Cá os tornados ocorrem em média uma a duas vezes por ano, têm intensidade baixa (em média são de grau F0 F1 e F2, numa escala até F5), mas por vezes também fazem estragos e vítimas. Como em 1954, em Castelo Branco, quando morreram 5 pessoas e 200 ficaram feridas. Ou em Alcanena, em Abril, quando foram destruídas 15 fábricas e se registaram sete feridos.

Apesar das imagens de destruição captadas pelos videoamadores, e depois reproduzidas nas televisões, darem a sensação de que este fenómeno tem aumentado nos últimos anos, os dados científicos não permitem chegar a tais conclusões. "Não podemos dizer que há mais tornados nem que são mais violentos, mas apenas que estes têm maior visibilidade", explicou ao DN Paulo Pinto, do Instituto de Meteorologia. Isto porque o tornado não é captado por meios observacionais - não há estações em todo o lado - mas apenas se conhece através de relatos.
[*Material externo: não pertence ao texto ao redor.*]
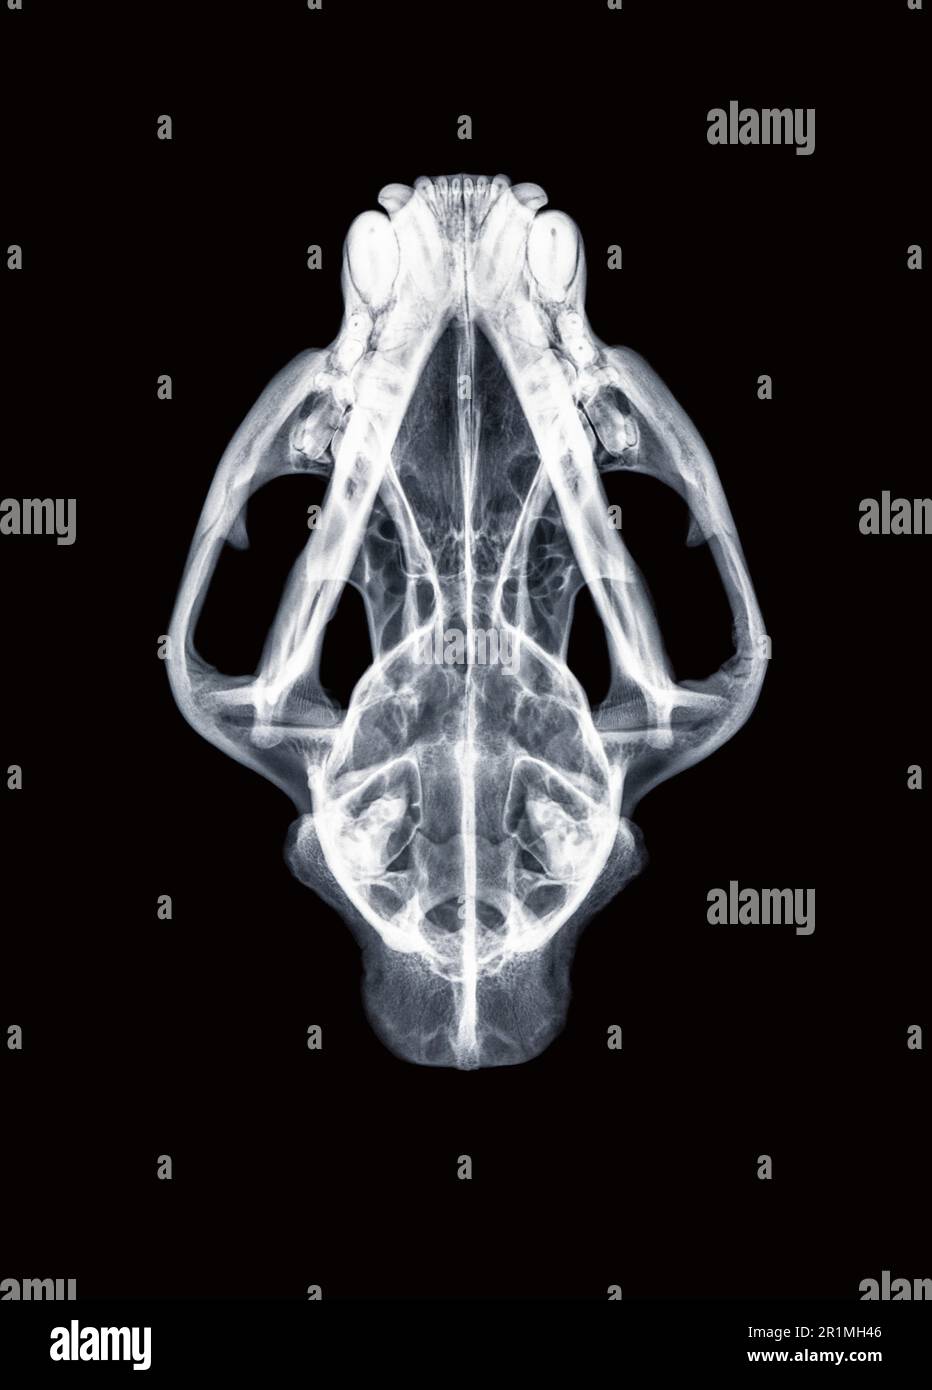 Mountain lion (Felis concolor) skull x-ray, superoinferior view Stock Photo

"Não se sabe se o aumento da frequência observada deste tipo de fenómenos corresponde a uma maior ocorrência natural", esclarece. Paulo Pinto diz ainda que apesar de estar a ser estudada, não é possível estabelecer uma relação entre a ocorrência destes fenómenos e as alterações climáticas.

Como os tornados são desencadeados por situações sinópticas (relativamente bem conhecidas) mas também por ingredientes de mais difícil percepção (como o perfil local do vento), a sua previsão é quase impossível. E o alerta é sempre pouco eficaz pois, da sua formação até tocar o solo, distam uns escassos 15 minutos. A intensidade do vento é enorme e a rajada por três segundos pode chegar a 322 quilómetros/hora. Igualmente graves são os danos colaterais._"​
Fonte: http://dn.sapo.pt/2008/08/05/ciencia/tornado_podia_sido_ca.html

Mais informação acerca do tornado de Castelo Branco (F3): http://forums.infoclimat.fr/lofiversion/index.php/t19211.html


Peço-vos a opinião, pois ainda não entendo muito disto..., acham mesmo que poderia ter acontecido cá?


----------



## Mário Barros (5 Ago 2008 às 17:31)

Essa noticia é simplesmente mais bla bla dos senhores do CO2  como estão colados ao modelos futuristas e não conhecem o passado, afirmam, claro está, que os tornados irão aumentar  já quanto a nevões ninguém fala de tal quando ocorrem, fico tudo  porque só cerca de 3.2 pessoas é que sabem do assunto e que a tendência poderá ser o seu aumento de frequência e veracidade.


----------



## *Dave* (5 Ago 2008 às 17:36)

Fiquei interessado e decidi procurar mais sobre o tornado F3 que passou em Castelo Branco em Novembro de 1954.
No site dos bombeiros de Portugal, encontrei estes excertos com relatos incríveis:



> Do conhecimento histórico que se tem do fenómeno em Portugal continental, o tornado que maior impacte causou no decorrer do último século foi o registado em Castelo Branco, no ano de 1954.
> 
> O relato que a seguir se apresenta é uma simples compilação do que alguma imprensa reportou em relação ao incidente de Castelo Branco e que, de algum modo, ilustra o poder de destruição que um fenómeno desta natureza pode exercer:
> 
> ...



Fonte :http://www.bombeiros-portugal.net/post-1026.html


----------



## Vince (5 Ago 2008 às 17:47)

Mário Barros disse:


> Essa noticia é simplesmente mais bla bla dos senhores do CO2  como estão colados ao modelos futuristas e não conhecem o passado, afirmam, claro está, que os tornados irão aumentar  já quanto a nevões ninguém fala de tal quando ocorrem, fico tudo  porque só cerca de 3.2 pessoas é que sabem do assunto e que a tendência poderá ser o seu aumento de frequência e veracidade.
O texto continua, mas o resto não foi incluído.